[tz] Did Greenland abolish daylight saving from 2024 on?

Guy Harris gharris at sonic.net
Fri Nov 17 03:35:26 UTC 2023

On Nov 16, 2023, at 6:29 PM, Paul Eggert <eggert at cs.ucla.edu> wrote:

> On 11/16/23 14:43, Guy Harris wrote:
>>> (2) is incompatible with POSIX if by "advanced" one means "greater offset from UT", since POSIX requires so-called "negative" DST for TZ settings like TZ='IST-1GMT0,M10.5.0,M3.5.0/1', the current Irish practice.
>> So even POSIX, in effect, tells people "don't assume tm_isdst means 'this is daylight saving time'".
> Not sure what is meant by "in effect". POSIX says "The value of tm_isdst shall be positive if Daylight Savings Time is in effect, 0 if Daylight Savings Time is not in effect, and negative if the information is not available." <https://pubs.opengroup.org/onlinepubs/9699919799/basedefs/time.h.html>
> So the intent of POSIX is that tm_isdst>0 means daylight saving time. The DST offset from UT need not be greater than the standard-time offset. POSIX (and TZDB) even allow the two offsets to be equal, though there's not much use for that.

...which means that the phrase "Daylight Savings Time" in the POSIX standard refers to something that's not exactly the same as "daylight saving time" as generally understood, i.e. it doesn't necessarily mean "the time that's in effect during summer and possibly some close-to-summer dates in spring and autumn, if clocks are adjusted twice a year, with the clock setting during summer and blah blah blah being ahead of the clock setting during the rest of the year".

POSIX at least defines "seconds since the Epoch", to make it clear that it doesn't mean the number of SI seconds that have elapsed since the Epoch; it does not appear to define "Daylight Savings Time", but, if it uses it, it should do so, given, for example, the case of the Republic of Ireland.

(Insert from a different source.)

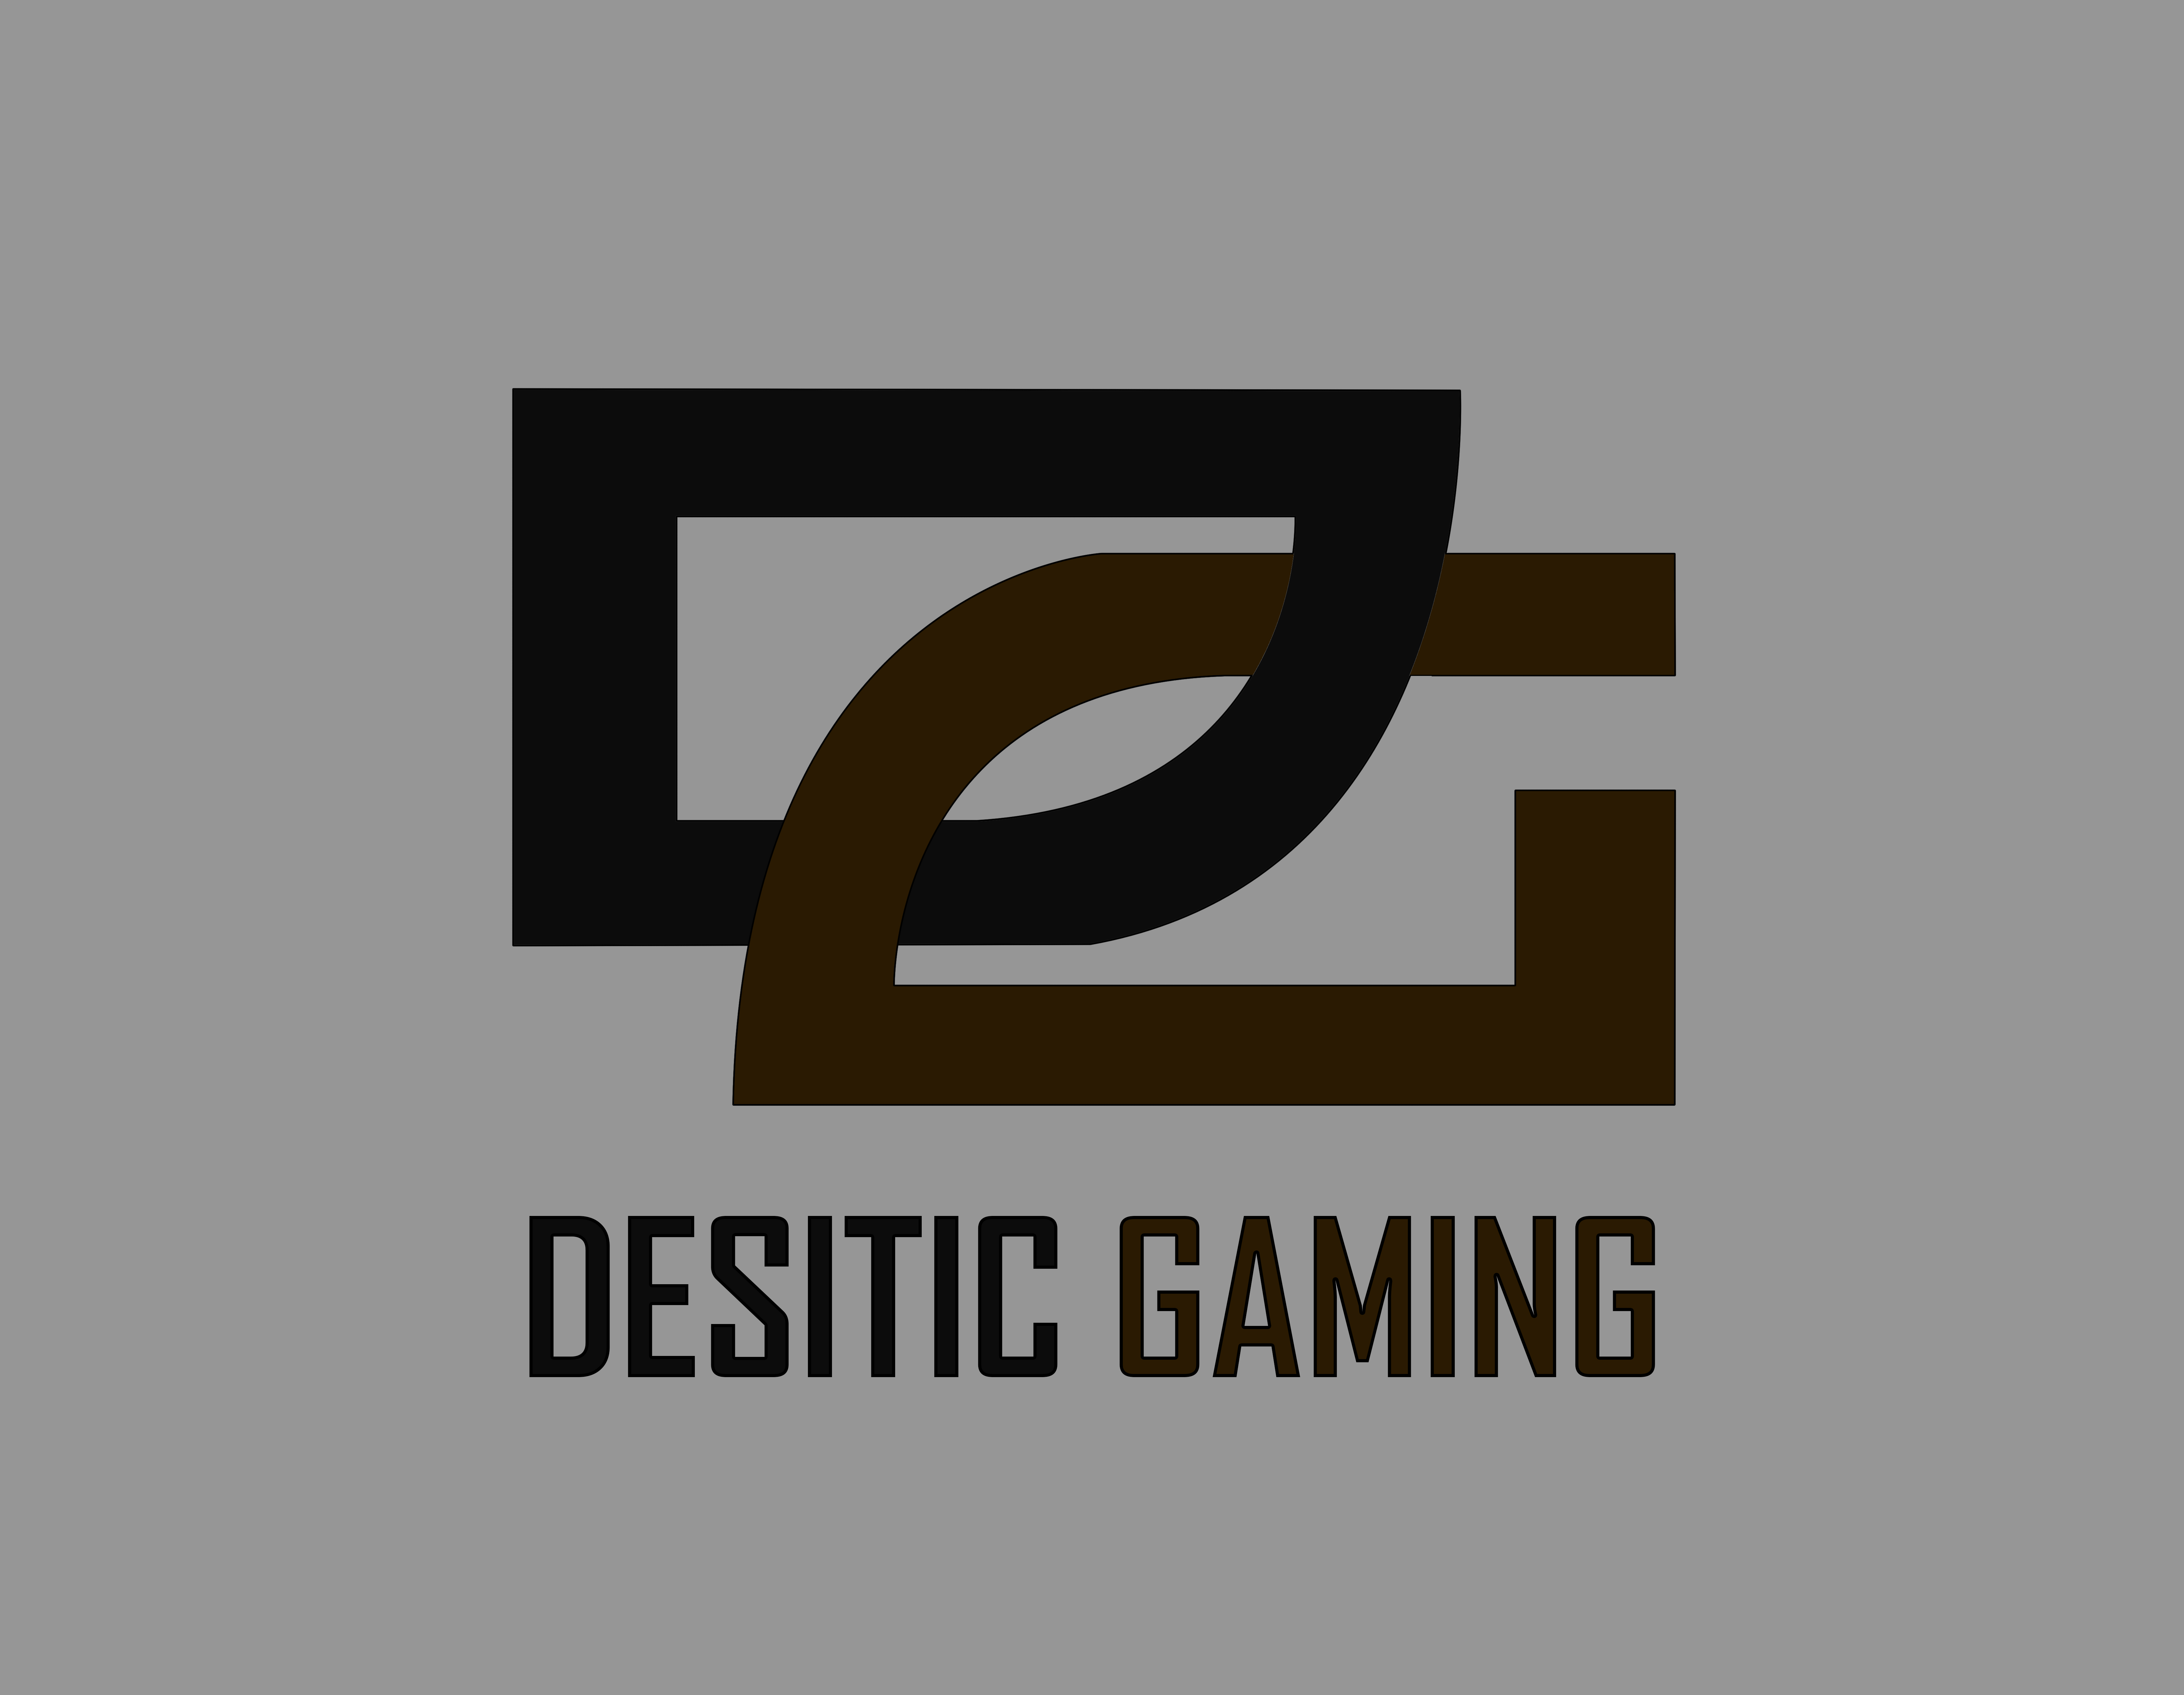 DeSiTic Gaming's logo
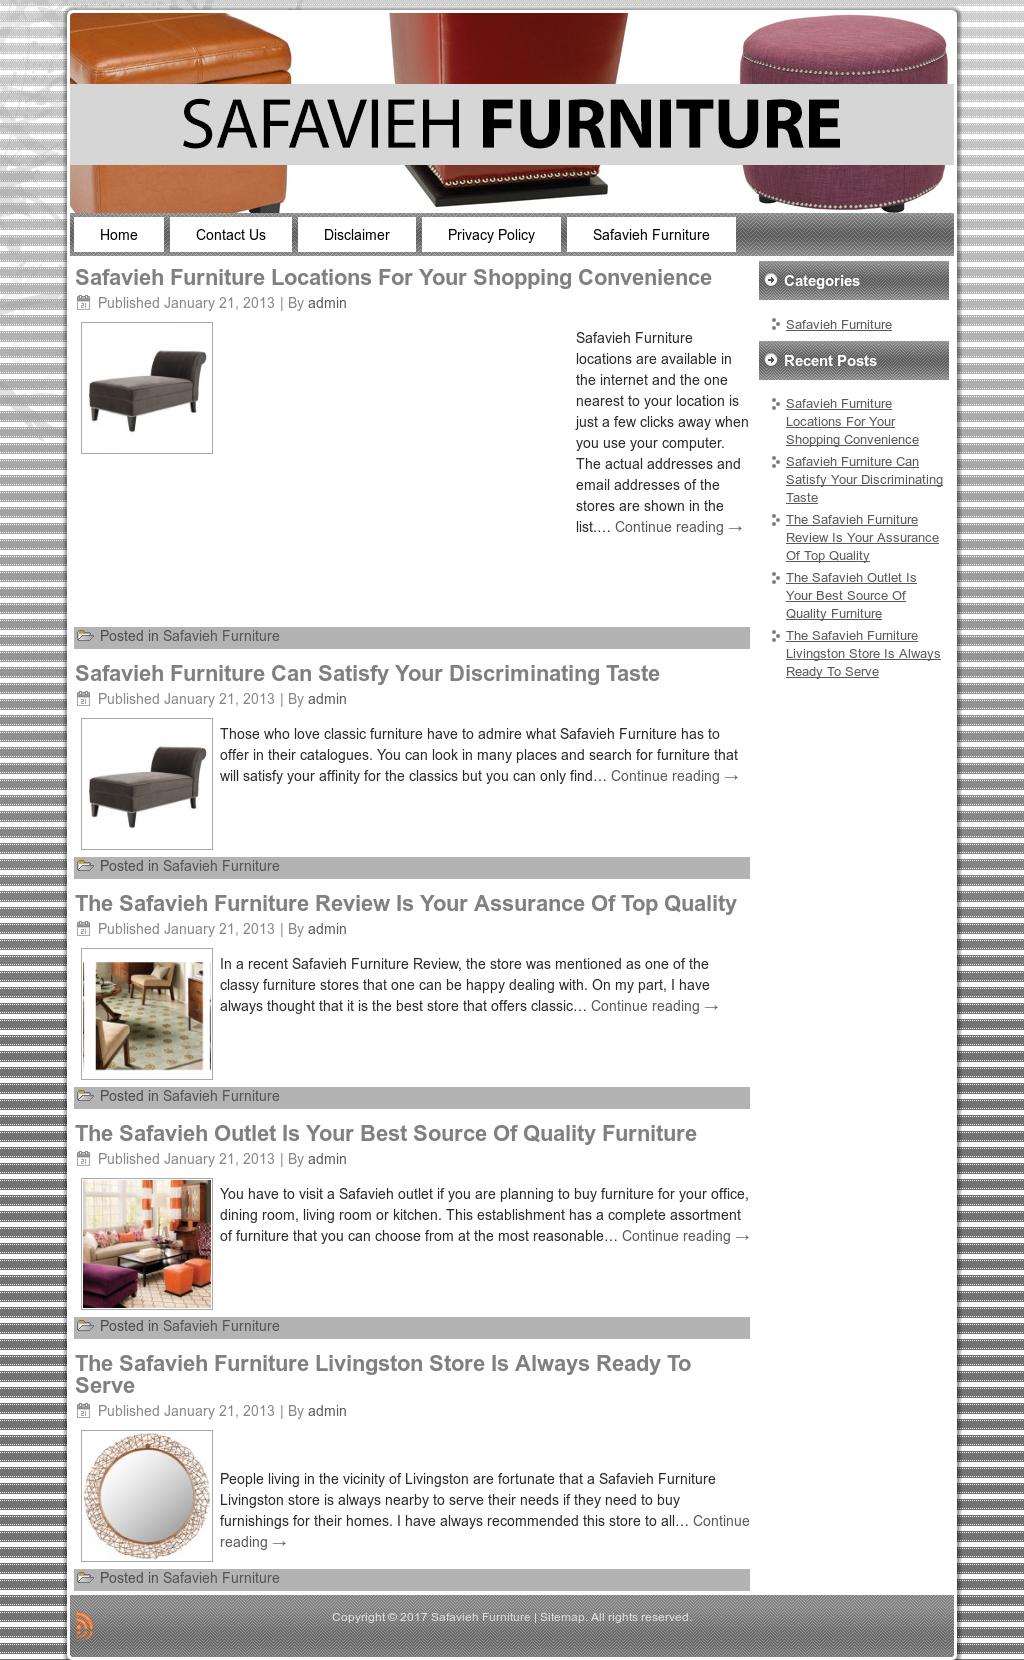 Safavieh Furniture Website History

>> Requiring tm_zone may cause binary-compatibility issues for OSes that don't currently have it and for which the supplier seeks Single UNIX Specification certification.
> There definitely are binary compatibility issues, since growing a struct is a hassle. This is true regardless of whether the system is SUS certified.

But if the system isn't SUS-certified, and the supplier doesn't intend to have it be SUS-certified, they can just say "too bad, POSIX may require tm_zone, but we don't do POSIX, so we're not doing tm_zone.  That's how SUS certification matters here.

Apple has no problem, as they've had tm_zone since, as far as I know, Day One.  (Maybe it wasn't in Rhapsody or Mac OS Server 1.0, but I think it was there going all the way back to 10.0/Cheetah.  The Libc project source for 10.0 has it; I'm not sure what project has the header files.)

As for non-SUS-certified systems:

The *BSDs aren't going for SUS certification, but they've had it for ages - possible ever since they picked up the tz code.

GNU libc currently has it, albeit with a #define to control whether to pollute the namespace with a structure member named tm_zone or to slap enough underscores in front of tm_zone to make it safe, so many Linux distributions have it.  I don't know whether any of the alternative C libraries, such as musl, have it. (EulerOS and Inspur K-UX were certified Linux distributions at one point, but they didn't renew the certification.)

And as for the biggest non-embedded Linux distribution of all, bionic appears to have tm_zone (by virtue of libc/include/time.h 1) having it in struct tm and 2) defining TM_ZONE to be tm_zone).

>> That would raise the question of how long-lived a struct tm is.
> That's reasonably straightforward. With localtime the char * member's lifetime survives until TZ is modified; this is what Draft 3 of the next POSIX standard says. On platforms with localtime_rz the member survives until the corresponding timezone_t is tzfree'd.

So they took the simplest approach; that means that code using tm_zone needs to be careful with those strings, but that's *already* the case, as no stronger guarantees are, as far as I know, offered either by the tz code or the equivalent in various other libc implementations.

(Now when's Microsoft going to join the party - and not just in the Linux distributions running atop WSL?)